Which leads to the religious element. It may seem unfair to criticize a film that portrays Christianity in such a favorable light, but as Keach has explained, Cash wanted Walk the Line to be about “his journey as a man, and his love with June, and the fact that God was at the core of his story.” The film shows Carter leading Cash to church, and she warns Cash, after she and her parents have helped to dry him out: “God has given you a second chance to make things right,” but the film never pursues either character’s essential Christianity. In real life, when Carter finally agreed to marry Cash, she told him that she was going “to put God first in her life, her husband second, and herself last.” And she did. As for Cash, everything that he ever did since he was a child he comprehended in Christian terms. He claims that the seminal moment in his life was that very day—November 5, 1967—when Carter brought him to the First Baptist Church in Hendersonville, Tennessee, and the pastor, Rev. Courtney Wilson, preached about the Samaritan woman at the well and Jesus as the “living water.” Before leaving the church that day, Cash had rededicated his life to Jesus.
Both of Carter’s parents played crucial roles in Cash’s rehabilitation, and her father became his spiritual confidant.
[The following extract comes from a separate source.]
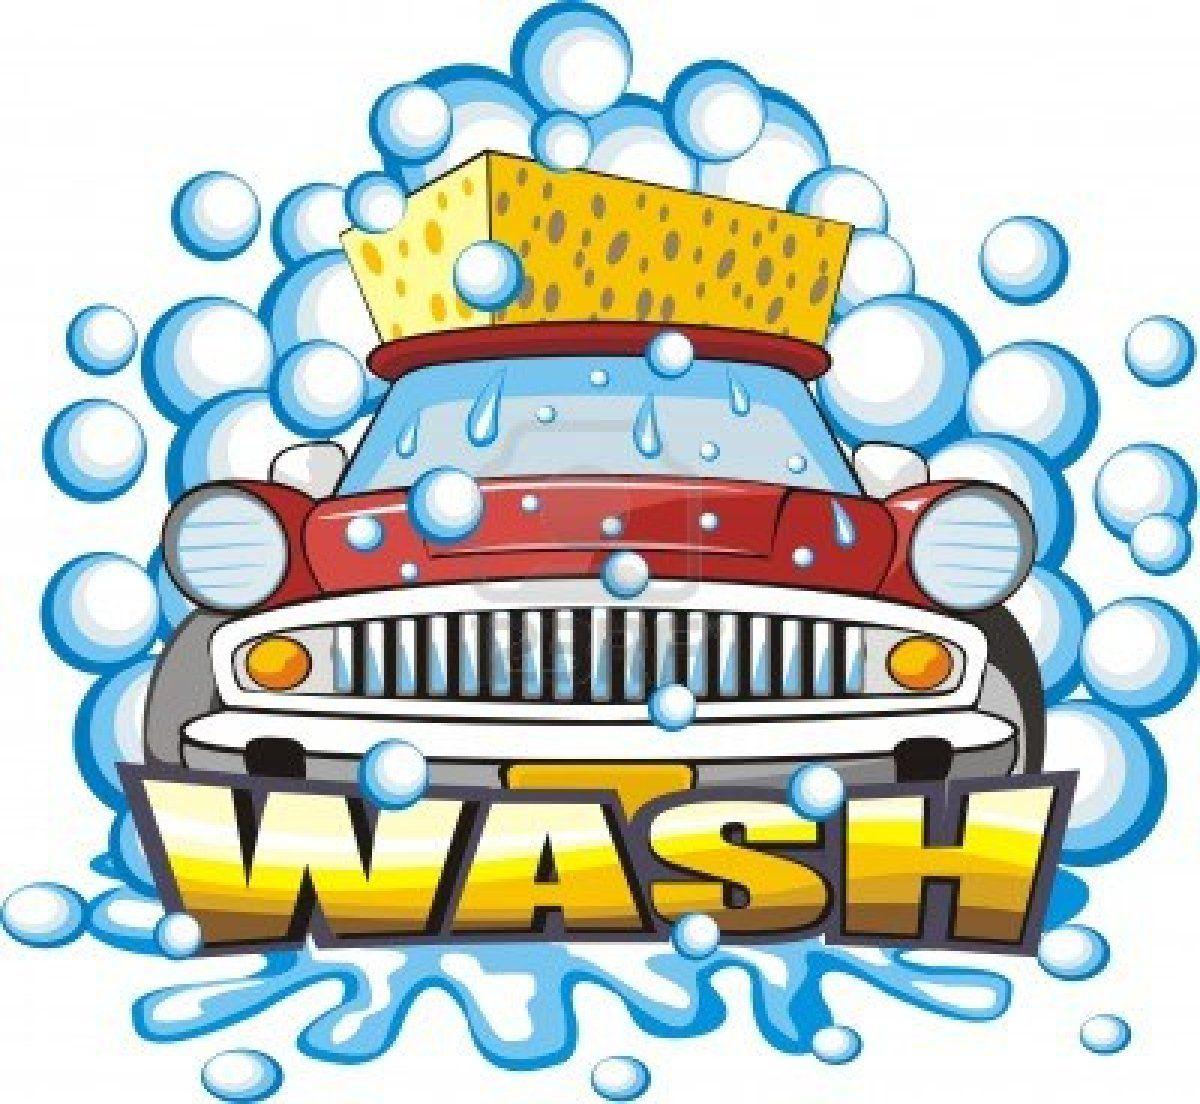 Pin de ford chao en Car Wash | Pinterest

A single scene in the movie with Cash discussing this vital subject with either June, Maybelle, or Eck Carter could have added great depth to the film and properly portrayed the truth of Cash’s inner struggle. Instead, the film focuses on the impact of two other family-related problems: the death of his beloved older brother Jack when Cash was only twelve, and the lifelong coldness of Cash’s father, who clearly favored his oldest son and resented the fact that the devil “took the wrong son.” Needless to say, both of these incidents were crucial motivating factors in Cash’s life, but he learned to live with both difficulties due to two more important motivators: his religious faith and the love of June Carter.
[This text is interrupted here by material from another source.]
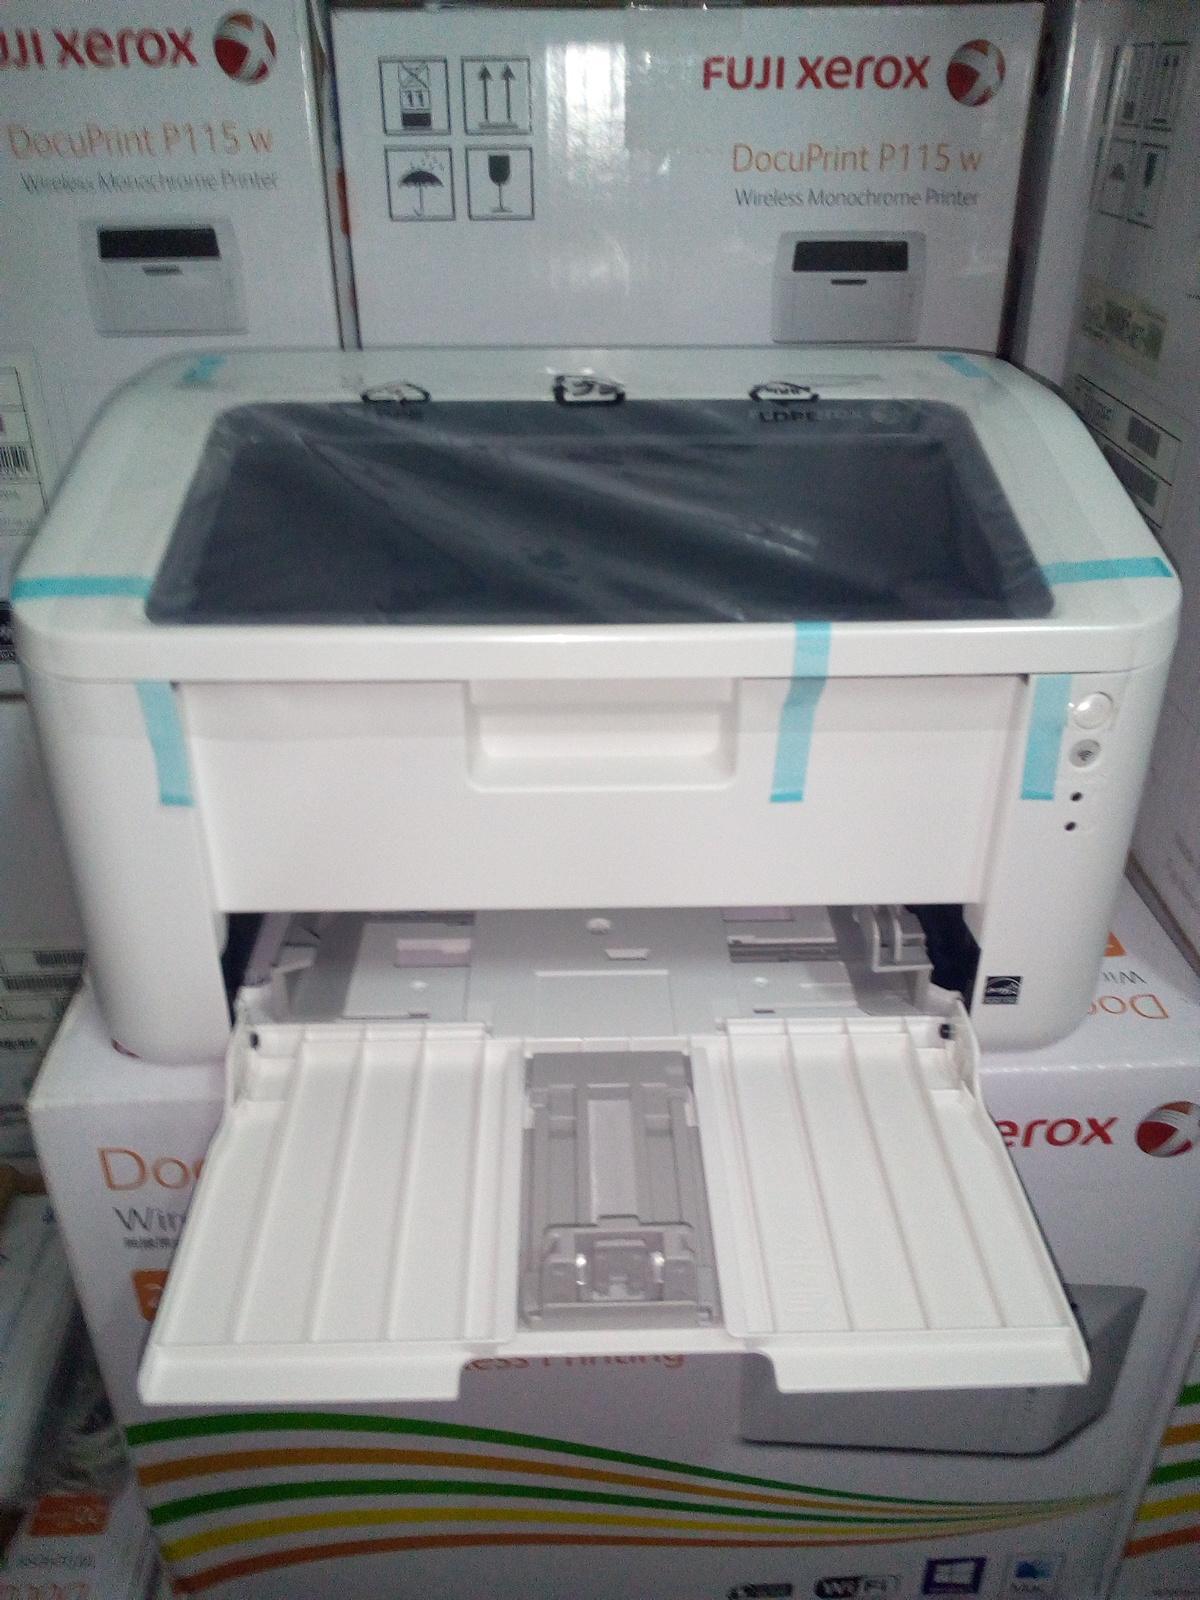 Fuji Xerox Docuprint P115w wireless monochrome Laser Printer

Nevertheless, Walk the Line is an enjoyable and vibrant film with great music and exceptional performances. It’s far superior to last year’s Ray, which, apart from Jamie Foxx’s good performance, was overrated and rather movie-of-the-weekish. Walk the Line, regardless of its predictabilities, has numerous thematic virtues. It’s unusually honest about adultery, drugs, and the concept of sin. It also clearly respects Christianity and its promise of redemption. So maybe it’s unfair to wish that the film had somehow transcended itself and revealed more of the essence of the Man in Black, but that’s exactly what Johnny Cash would have wanted.